Ah gülişan gülişan Mendilim sana nişan Alacaksan al beni Etme de halim perişan

O yıllarda radyolarda en çok söylenen türkülerden biriydi.

1967 yılının Cumhuriyet bayramında, önde uzun bir sopanın ucunda bayrak, tüm Karaali köyü öğrencileri yürüyerek Güneyköy’e gittik. Güneyköy’de, meydan gibi bir yerde, biz ve Güneyköylü öğrenciler Cumhuriyet bayramını birlikte kutladık, şiirler okuduk. İlk okulda kutladığımız en güzel Cumhuriyet bayramıydı.
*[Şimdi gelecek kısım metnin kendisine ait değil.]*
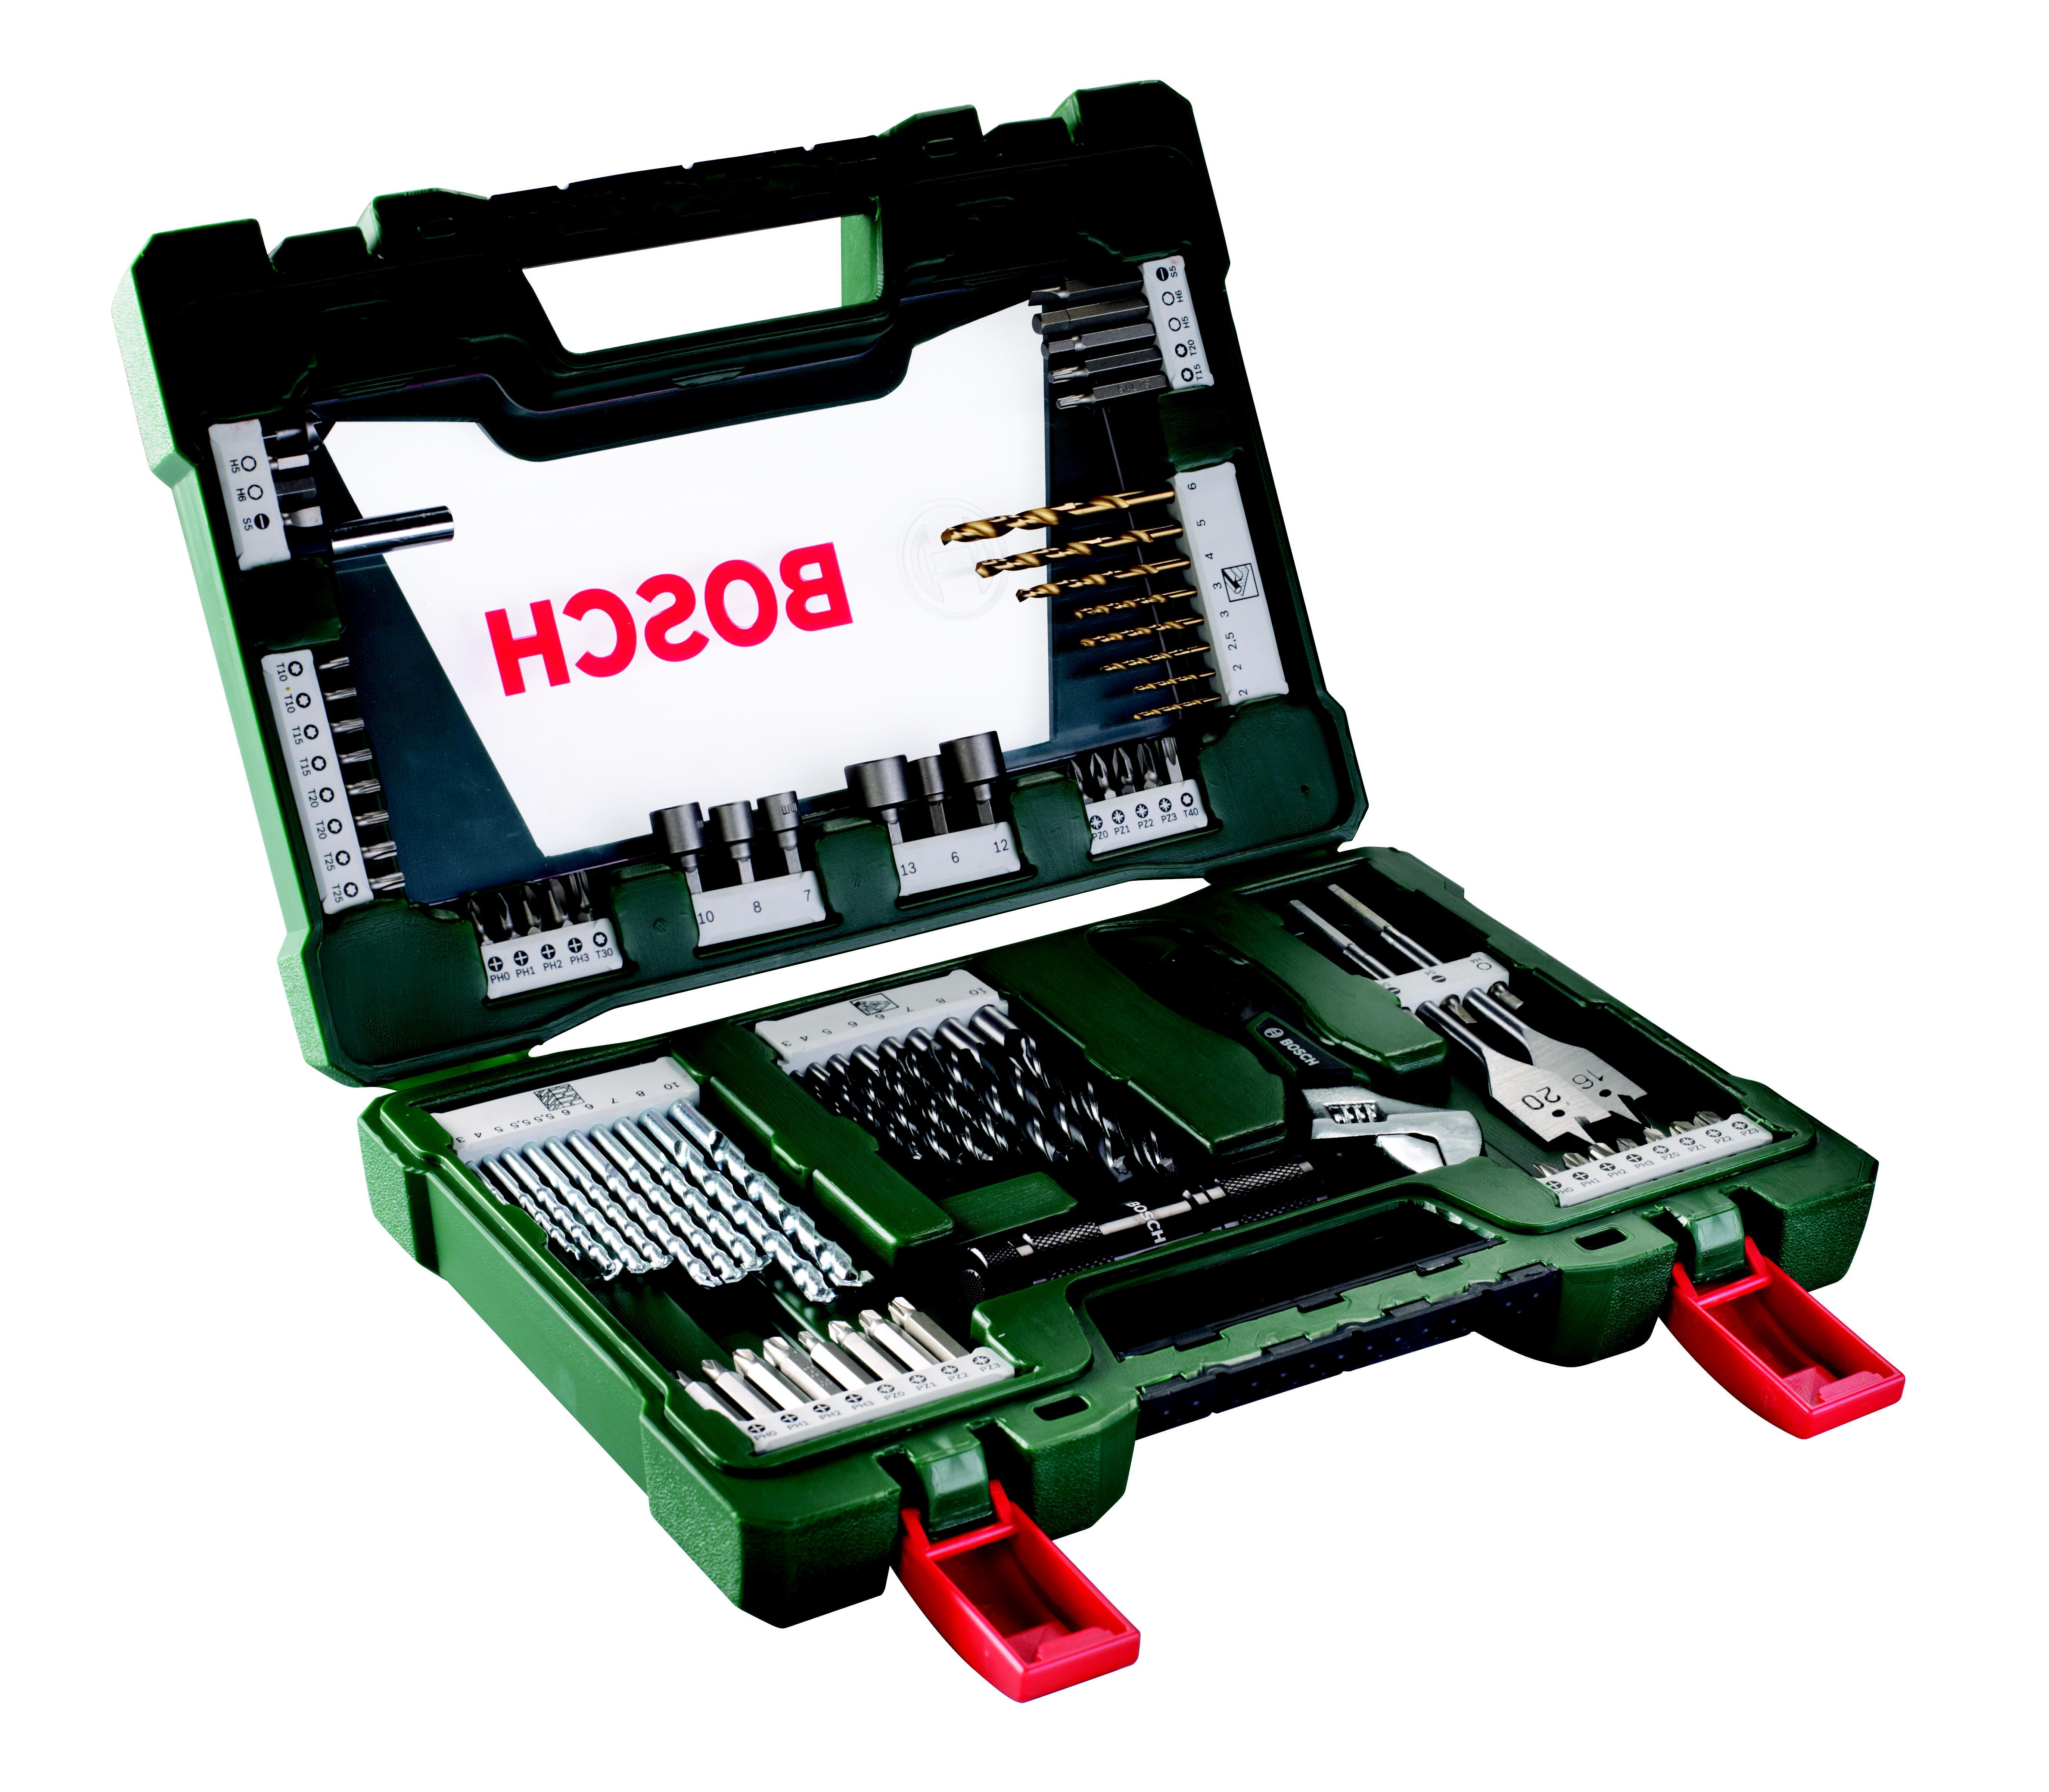 Набор бит и сверл Bosch V-line-83 83шт (2.607.017.193) набор бит и сверел bosch x line 70 2607019329879

1968 yılının 23 Nisan’ında bir piyes oynadık. Bu piyeste de en önemli rolü ben oynamıştım ama kimseden tebrik ya da takdir aldığımı hatırlamıyorum. Çok başarısız bir oyun olmuştu sanırım ki bende de hiçbir iz ya da duygu bırakmamış. Bu törenden aklımda kalan Arif Saka öğretmenimizin sazı eşliğinde birkaç türkü söylediğim.

Her şeye rağmen, köyde ve okulda kutladığımız milli bayramlar çok heyecanlı ve neşeli geçerdi. Biz çocuklar çok mutlu olurduk. Çocukluğumda güzel türkü söylerdim. Radyodan dinlediğim, zamanın meşhur türkülerinin çoğunu da bilirdim.

Yıllar sonra, 1976’da İstanbul Radyosunun açtığı Türk Halk Müziği sınavına kayıt yaptırdım. Sınav gününe kadar, ergenliğin ve sigaranın sesimde yaptığı tahribatı gidermek için her gün çiğ yumurta içtim ama faydası olmadı. Sınava girmeye cesaret edemedim. Kendi adıma fazla üzgün değilim ama memleket büyük bir sanatçıdan mahrum kaldı, ona üzülüyorum.